И опять понурился. Мишка меня просто умилял. До всемирной известности было рукой подать, а он дулся из-за разбитого самолета. Подумаешь, самолет. Да, жалко. Да, я виноват. Да, не послушался. Но, черт возьми, у нас есть проблемы посерьезнее. Например, как тут дуба не дать.
-- Пойдем туда. -- Я указал на сферу. -- Видишь, как над ней пар клубится.
Он бросил гневный взгляд в сторону неопознанного объекта и, храня молчание, поплелся за мной, точно зомби.
Эх, Миша, Миша, рано ты, брат, нас хоронишь. Весьма рано. Да, есть вероятность сдохнуть в холодном лесу. А где, спрашивается, ее нет?..
К тому времени, как мы добрели до сферы, дым из нее перестал валить столбом, и лишь жидкими струйками -- уже не черными, а серыми -- струился из-под... люка. Вокруг неопознанного объекта узким кругом таял снег. Не нужно было быть гением, чтобы понять: руками ее лучше не трогать, пока не остынет.
Я толкнул ее ногой: тяжелая зараза. Одному не свернуть.
Минут десять мы грелись возле нее, словно два замерзающих бомжа перед ржавым баком, где полыхает пламя. Грелись, молчали и обменивались взглядами. Наконец я решился и спросил:
-- Заглянем?
Мишка посмотрел на меня как на идиота. Примерно такой реакции я и ожидал. Казалось, сейчас штурман бросится на меня с кулаками. Господи, неужели ему хоть одним глазком не хочется заглянуть внутрь неопознанного объекта. Увидеть, что скрывает серая обшивка, ныне и тут и там подкопченная жирным дымом.

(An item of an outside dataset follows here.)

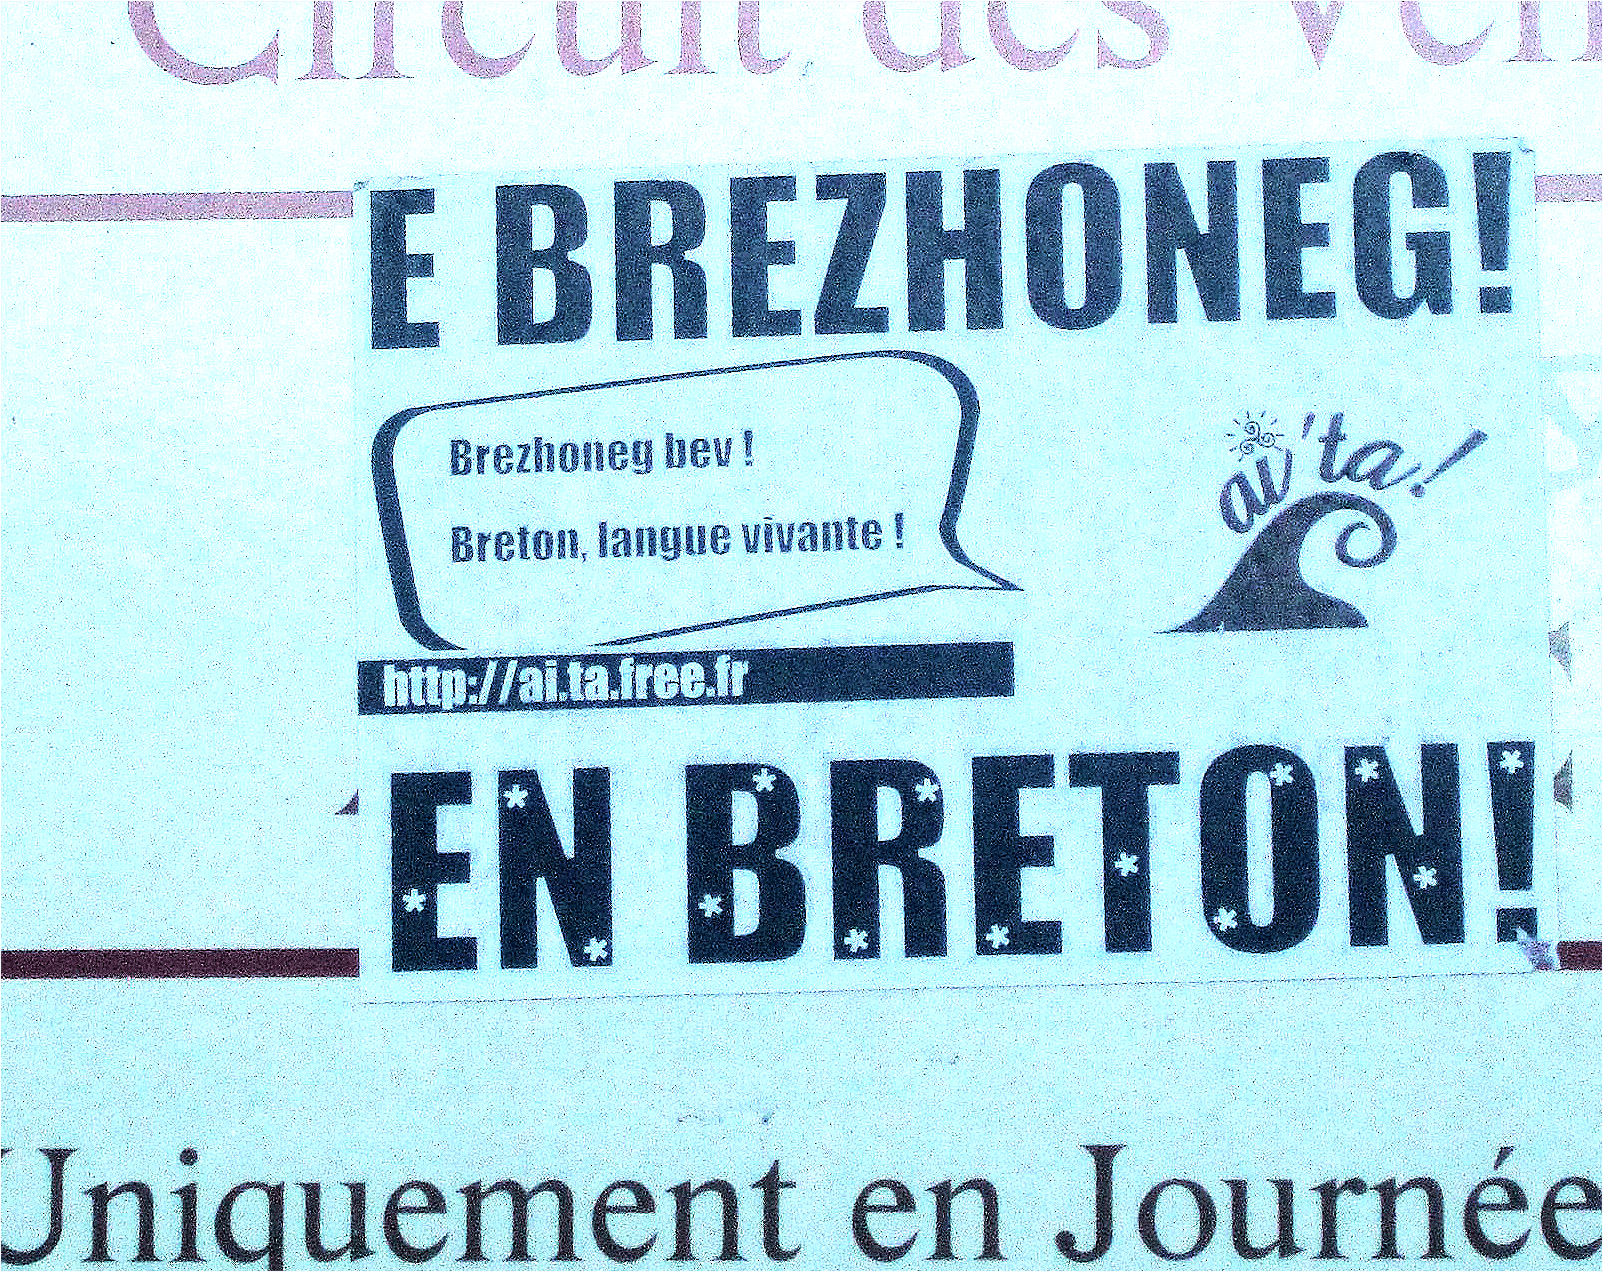 БРЕТОНСКИЙ ЯЗЫК, кельтский язык Бретани На бретонском языке говорят ок 700 тыс человек, живущих во Франции западнее линии Сен-Бриё – Сен-Назер, в департаментах Финистер, Кот-дю-Нор и Морбиан; еще около полумиллиона человек во Франции и несколько десятков
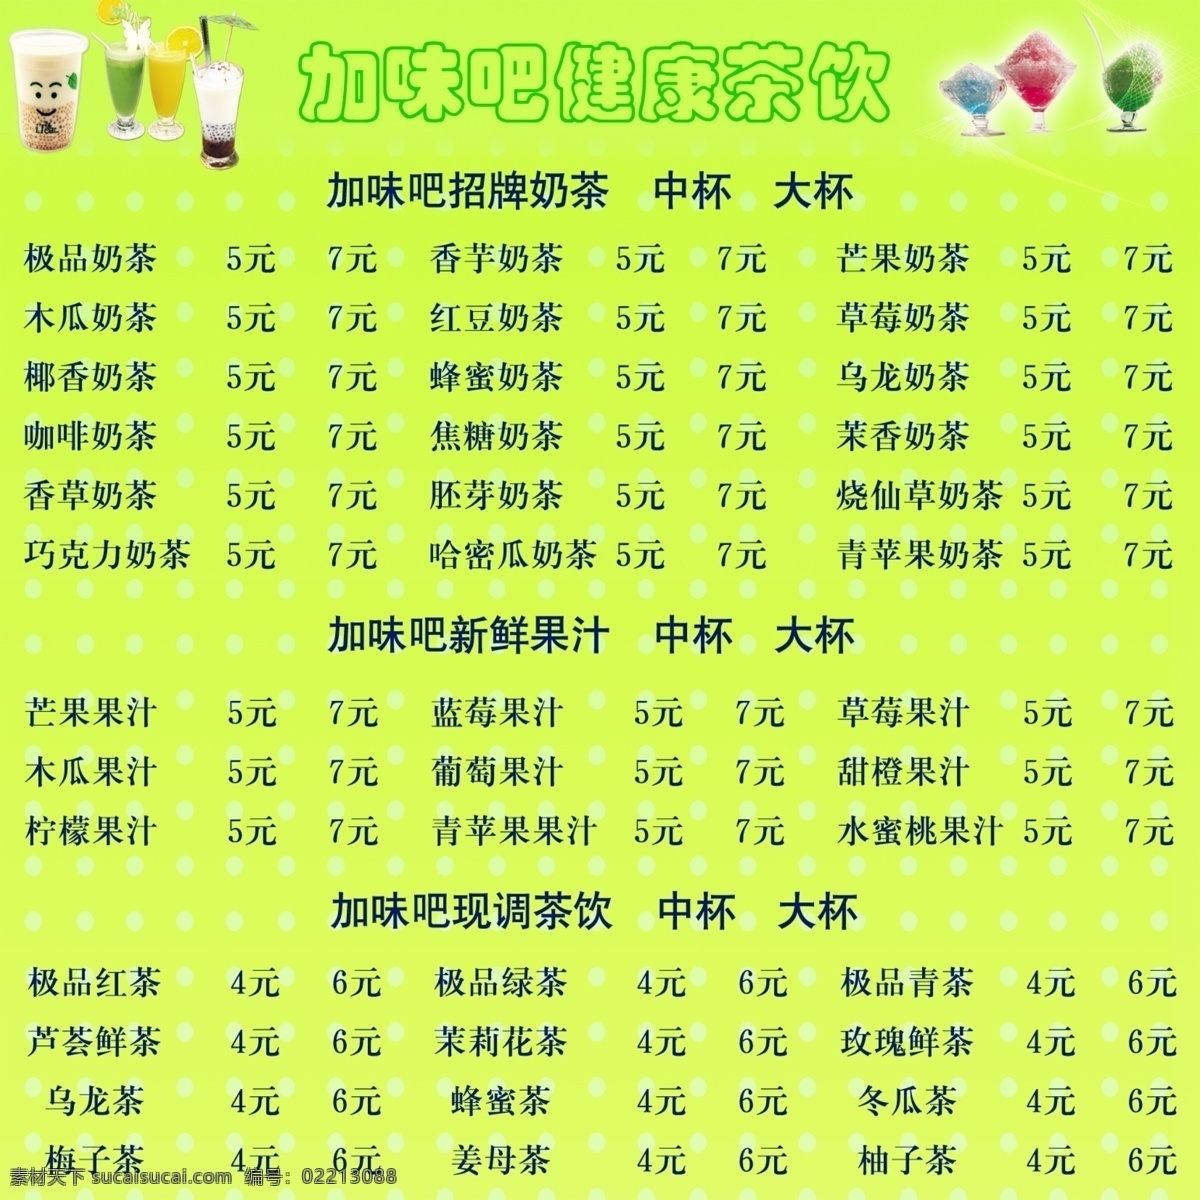 菜单菜谱 广告设计模板 价目表 奶茶价格表 源文件 台湾 珍珠 奶茶 模板下载 台湾珍珠奶茶 矢量图 日常生活

-- Только попробуй! -- угрожающе пробубнил штурман, сжимая кулаки.
-- Что ты как деревенщина, ей-богу?
Мишка запыхтел. И я понял: еще одна брошенная в его адрес фраза, и в мой -- полетят кулаки. Видать, оттаял штурман.
-- Нет, ты сперва послушай, -- так и хотелось назвать его остолопом, -- какие перспективы открываются перед нами, если удастся освободить люк и, скажем, спасти внеземного пилота. Уверен, ему сейчас там несладко. -- На самом деле я был уверен, что, кто бы ни находился внутри, он уже давно изжарился заживо. -- Представь заголовки в газетах: "Российские пилоты спасают пришельца!" И наши фотографию крупным планом.
-- Не хочу!
Придется давить на болевые точки. Сам виноват.
-- А новую квартиру четырех-или даже пятикомнатную хочешь? А машину хочешь? А чтоб твои лоботрясы в институт поступили? Чтобы ты сам не влачил жалкое существование после ухода на пенсию? Между прочим, за такое спасение... Да любая газета, любой телеканал последние деньги отдадут, чтобы взять у нас интервью.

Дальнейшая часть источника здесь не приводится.